All help is appreciated, and I'm more than happy to clarify as needed as well.
Let me give it a shot.
You have two images. Lets call them BeforePic and AfterPic. For each of these two pictures you have a ROI (rectangle of interest) - AKA a cropped segment.
You want to see if AfterPic.ROI is very different from BeforePic.ROI. By "very different" I mean that the difference is greater then some threshold.
If this is indeed your problem, then it should be split into three parts:
get BeforePic and AfterPic (and the ROI for each).
Translate the abstract concept of picture\edge difference into a numerical one.
compare the difference to some threshold.
The first part isn't really a part of your question, so I'll ignore it.
The last part is based basically finding the right threshold. Again out of the scope of the question.
The second part is what I think is the heart of the question (I hope I'm not completely off here). For this I would use the algorithm ShapeContext (In the PDF, it'll be best for you to implement it up to section 3.3, as it gets too robust for your needs from 3.4 and on).
Shape Context is a image matching algorithm using image edges with great success rates.
Implementing this was my finals project, and it seems like a perfect match (no pun intended) for you. If your edges are well, and your ROI is accurate, it won't fail you.
It may take some time to implement, but if done correctly, this will work perfectly for you.
Bare in mind, that a poor implementation might run slowly and I've seen a worst case of 5 seconds per image. A good (yet not perfect) implementation, on the other hand, will take less then 0.1 seconds per image.
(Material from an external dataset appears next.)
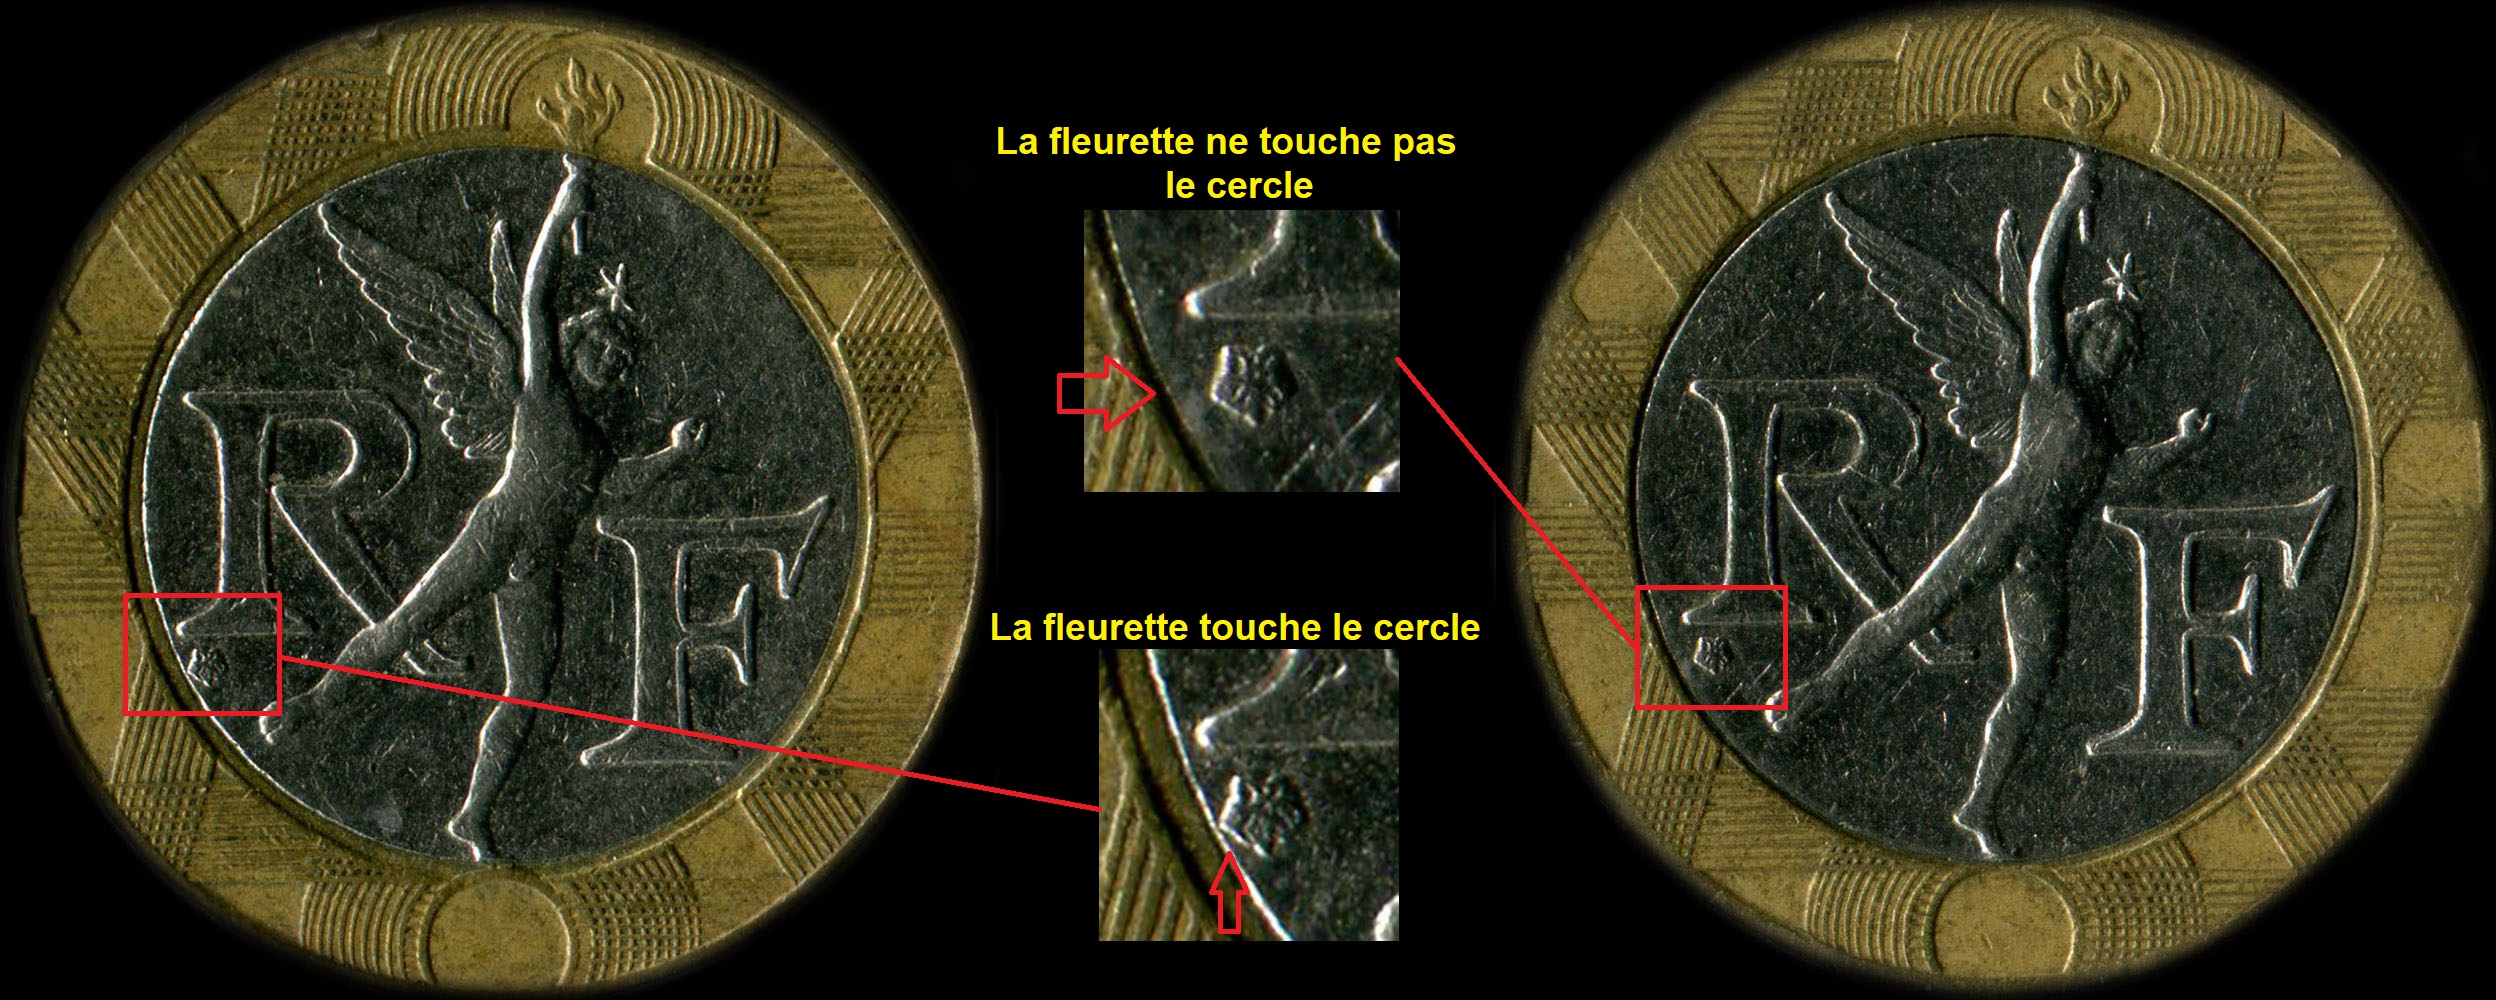 Variante fleurette de Pessac touche ou pas le cercle sur 10 francs Génie 1991

Hope this helps, and good luck!
Edit: I found an implementation of ShapeContext in C# # CodeProject, if it's of any interest
I take on a fair number of machine vision problems in my work and the most important thing I can tell you is that simpler is better. The more complex the approach, the more likely it is for unanticipated boundary cases to create failures. In industry, we usually address this by simplifying conditions as much as possible, imposing rigid constraints that limit the number of things we need to consider. Granted, a student project is different than an industry project, as you need to demonstrate an understanding of particular techniques, which may well be more important than whether it is a robust solution to the problem you've chosen to take on.
A few things to consider:
Are there pre-defined parking spaces on the street? Do you have the option to manually pre-define the parking regions that will be observed by the camera? This can greatly simplify the problem.
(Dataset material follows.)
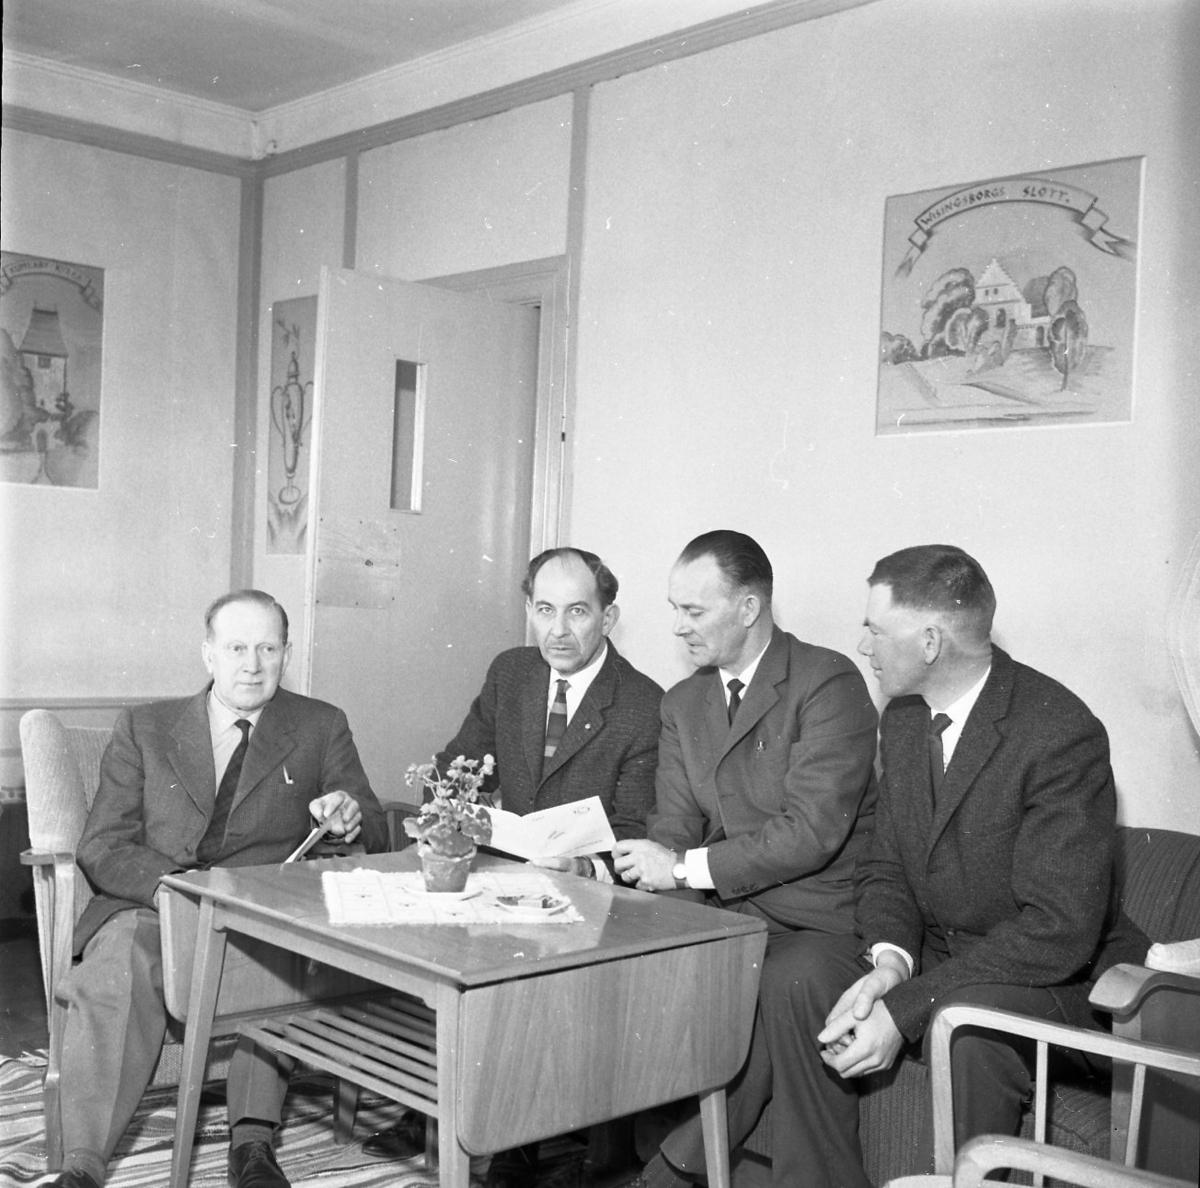 Fyra män sitter i en soffgrupp. De har något prospekt framför sig. De befinner sig möjligen på Hotell Brahe. Från vänster: Albert Svensson, okänd, Erling Krantz samt Sven Ekström.

Are you allowed to provide incorrect results when cars are parked illegally (taking up more than one spot, for instance)?
Are you allowed to provide incorrect results when there are unexpected environmental conditions, such as trash, pot holes, pooled water or snow in the space?
Do you need to support all categories of vehicles (cars, flat-bed trucks, vans, delivery trucks, motorcycles, mini electric cars, tripod vehicles, ?)
Are you allowed to take a baseline snapshot of the street with no cars present?
As to comparing two sets of edges, probably the most robust approach is known as geometric model finding (describing the edges of interest mathematically as a series of 'edgels', combining them into chains and comparing the geometry), but this is over-kill for your application. I would look more toward thresholds of the count of 'edge pixels' present in a parking region or differencing from a baseline image (need to be careful of image shift, however, since material expansion from outdoor temperature changes may cause the field of view to change slightly due to the camera mechanically moving.)